▸ **What the task asks**: What you return should be the full listing, word for word, without a single image.

▸ **Dataset section**:
-.-.-
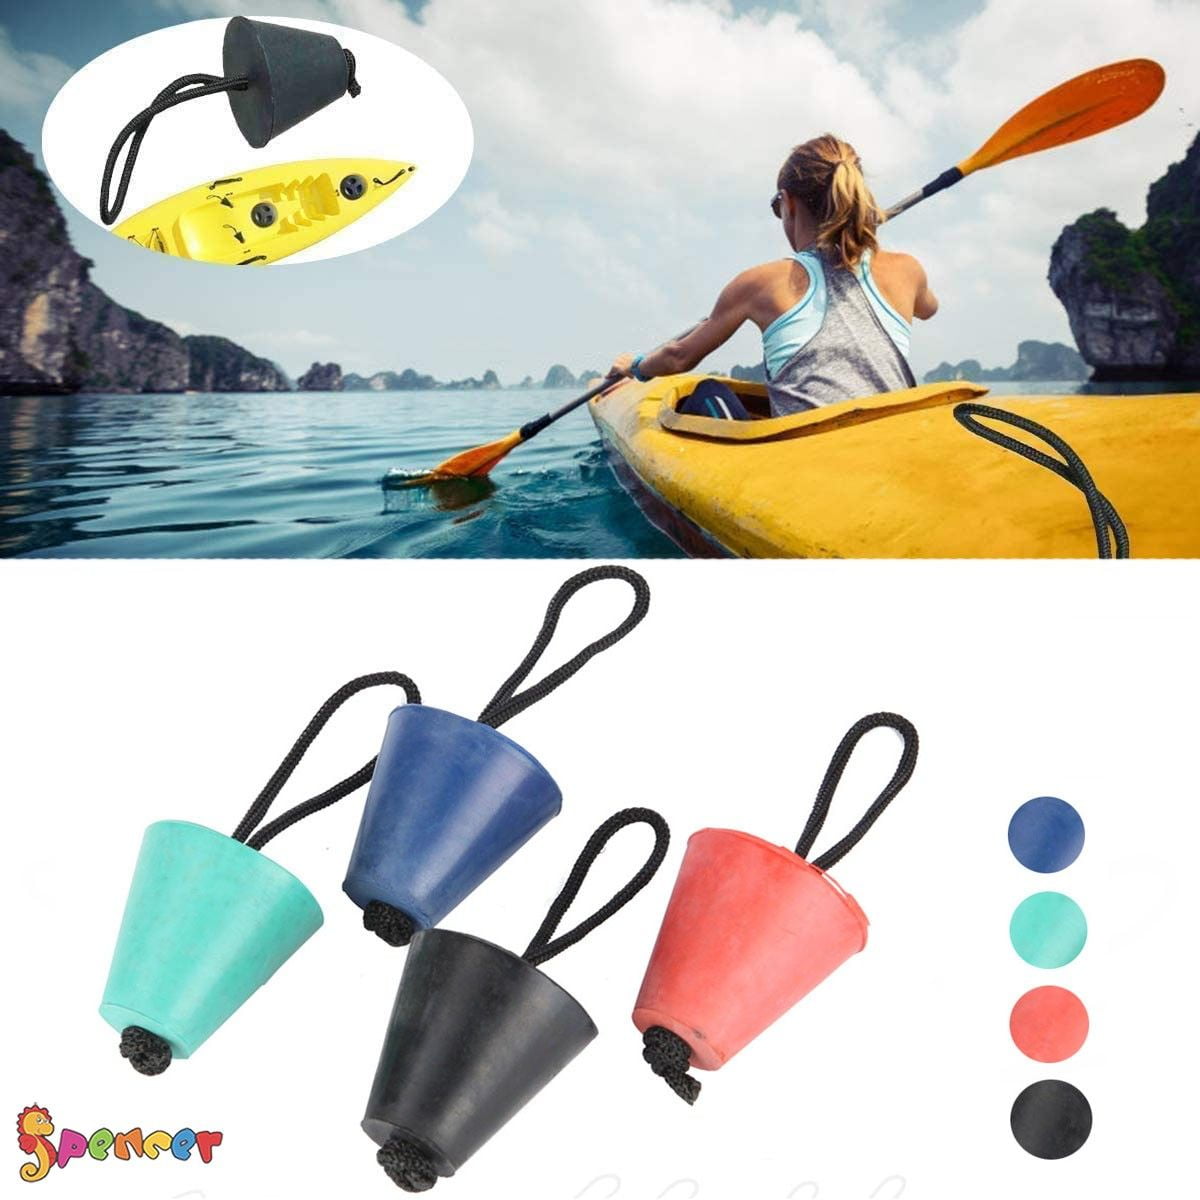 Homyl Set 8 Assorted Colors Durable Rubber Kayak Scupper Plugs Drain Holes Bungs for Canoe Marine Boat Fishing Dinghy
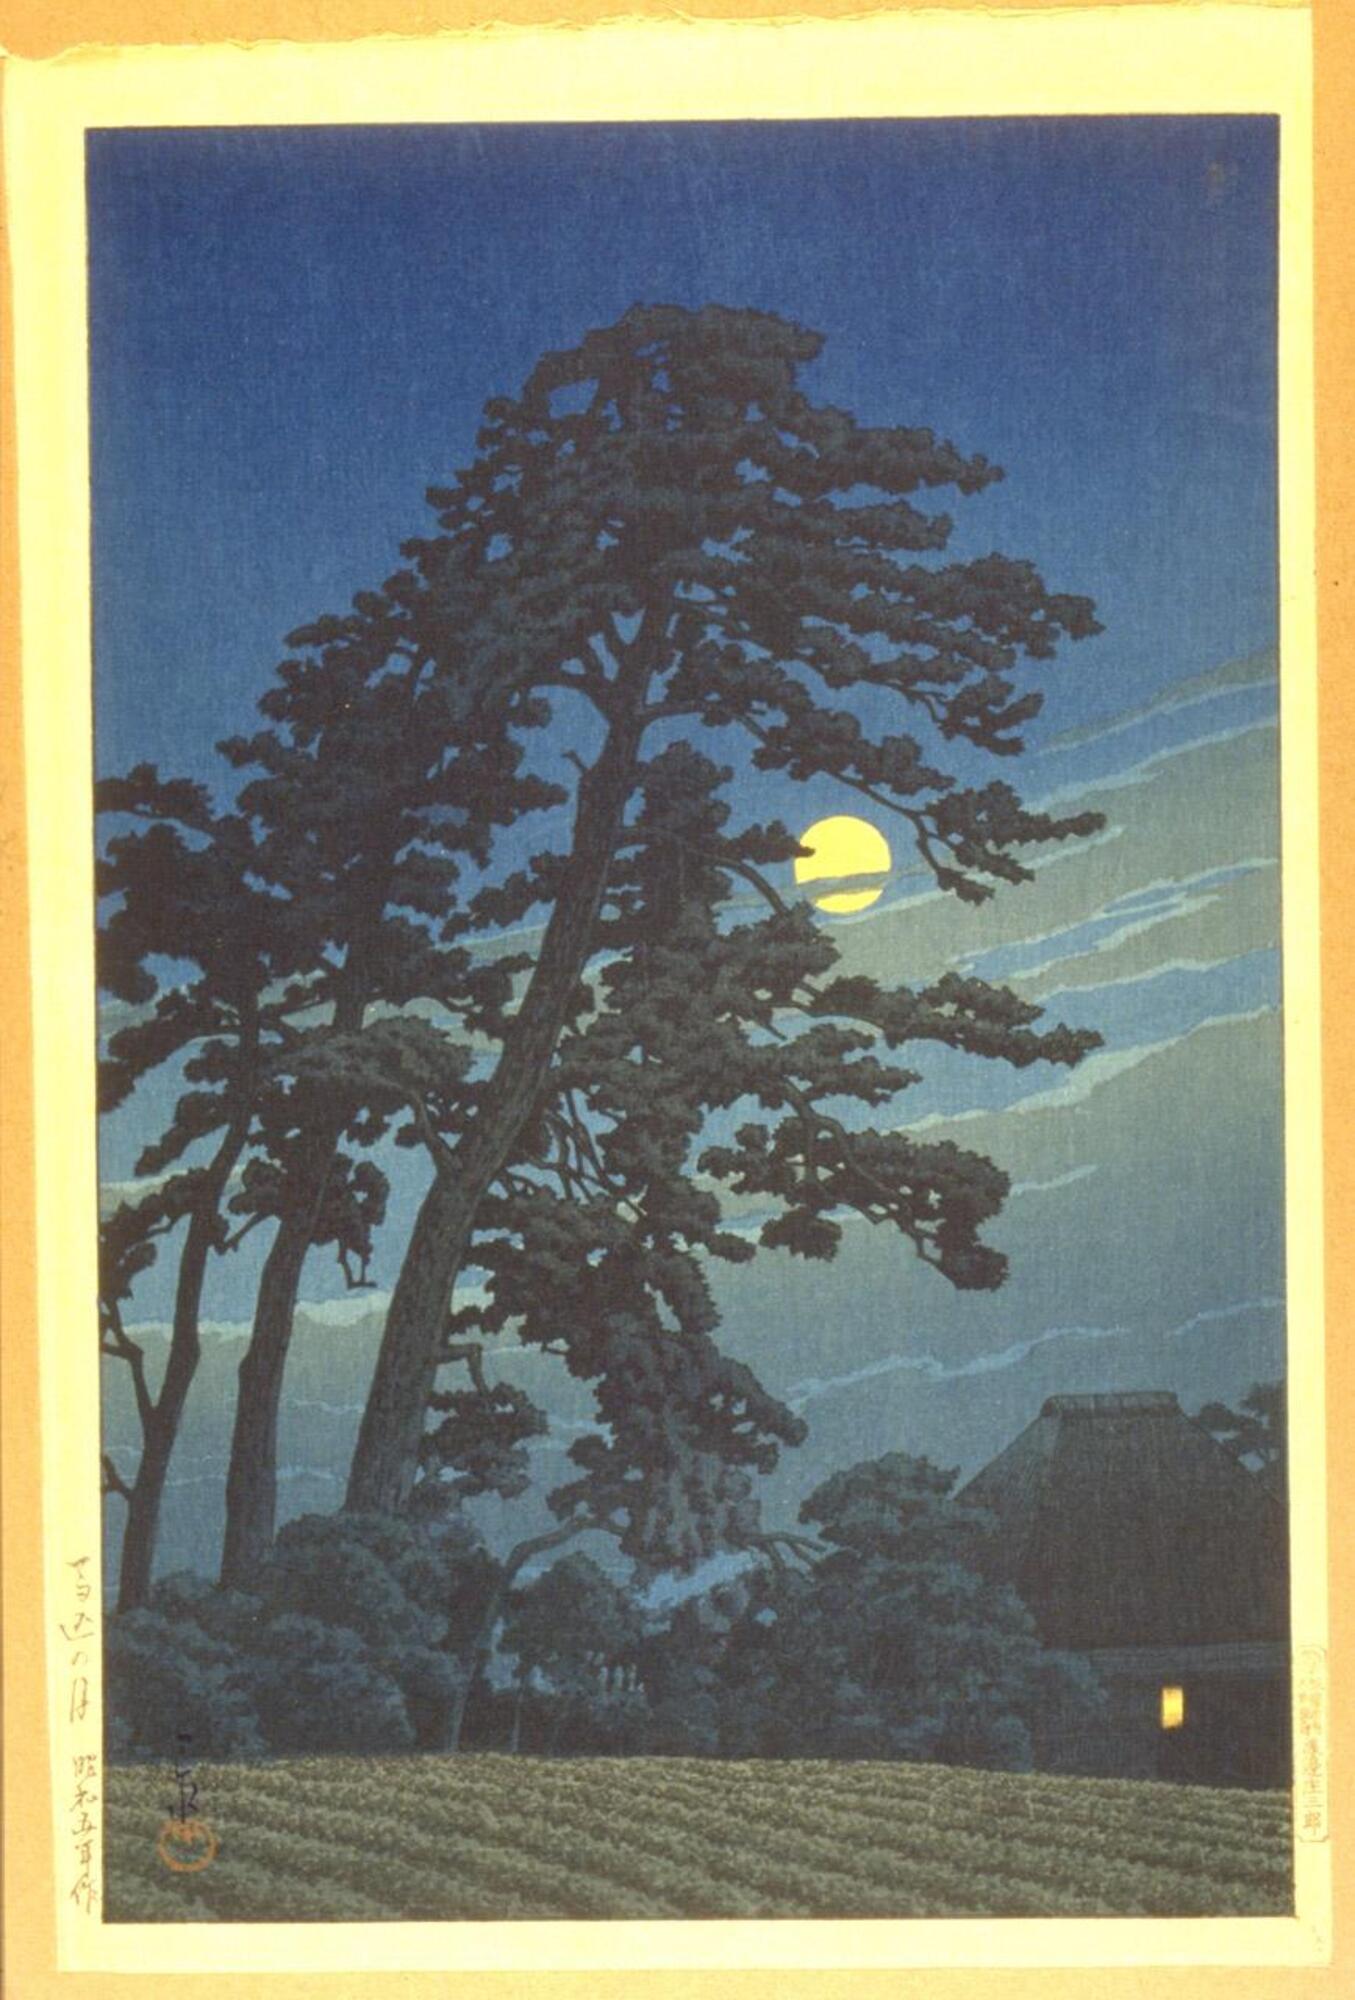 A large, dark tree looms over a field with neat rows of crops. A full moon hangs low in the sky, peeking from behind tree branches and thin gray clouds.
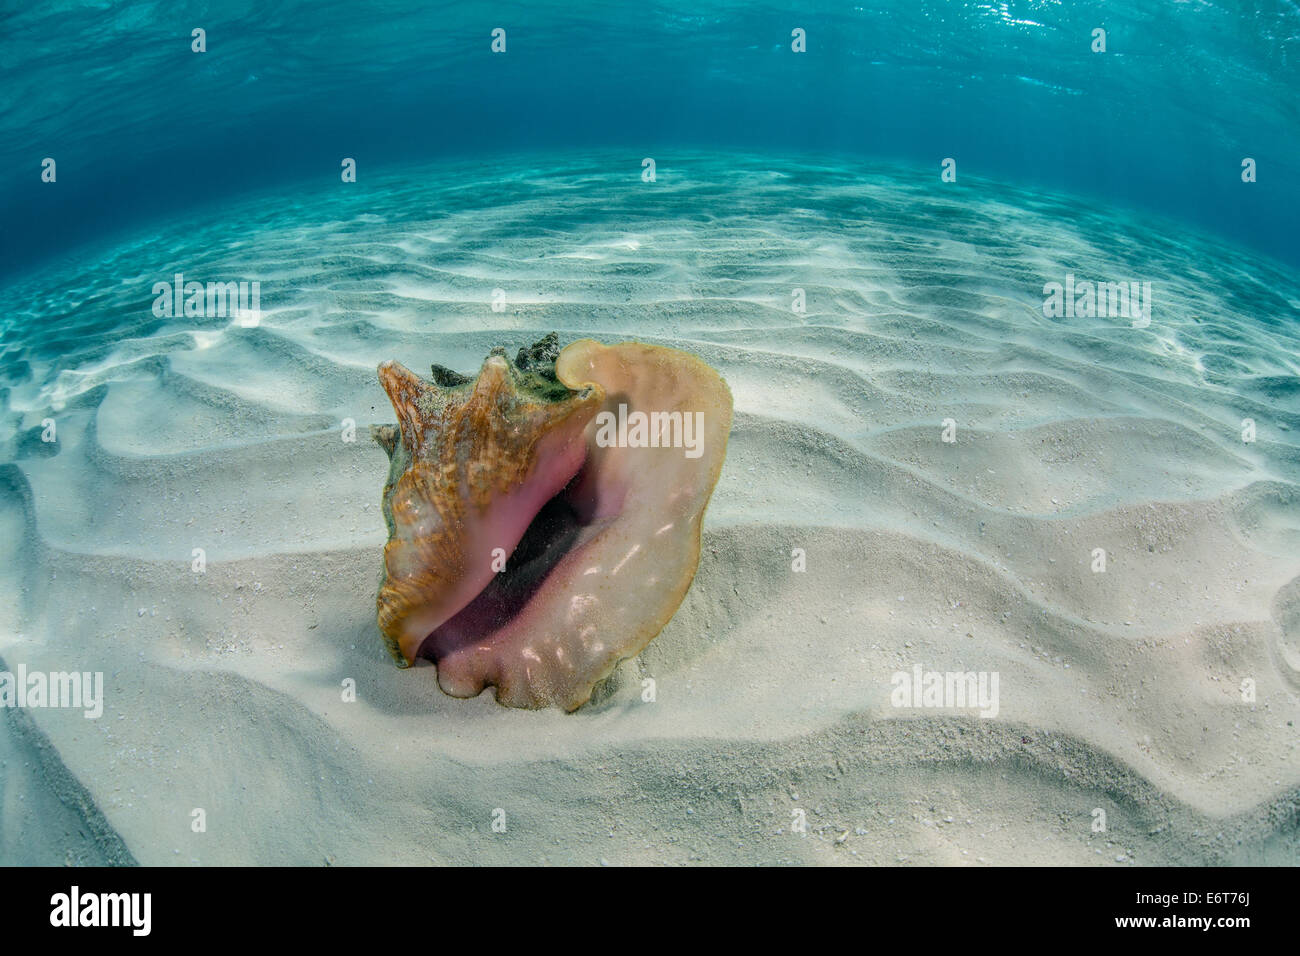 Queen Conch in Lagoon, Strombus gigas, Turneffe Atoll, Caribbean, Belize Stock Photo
-.-.-
▸ **Exercise output**:
 Homyl Set 8 Assorted Colors Durable Rubber Kayak Scupper Plugs Drain Holes Bungs for Canoe Marine Boat Fishing Dinghy
 A large, dark tree looms over a field with neat rows of crops. A full moon hangs low in the sky, peeking from behind tree branches and thin gray clouds.
 Queen Conch in Lagoon, Strombus gigas, Turneffe Atoll, Caribbean, Belize Stock Photo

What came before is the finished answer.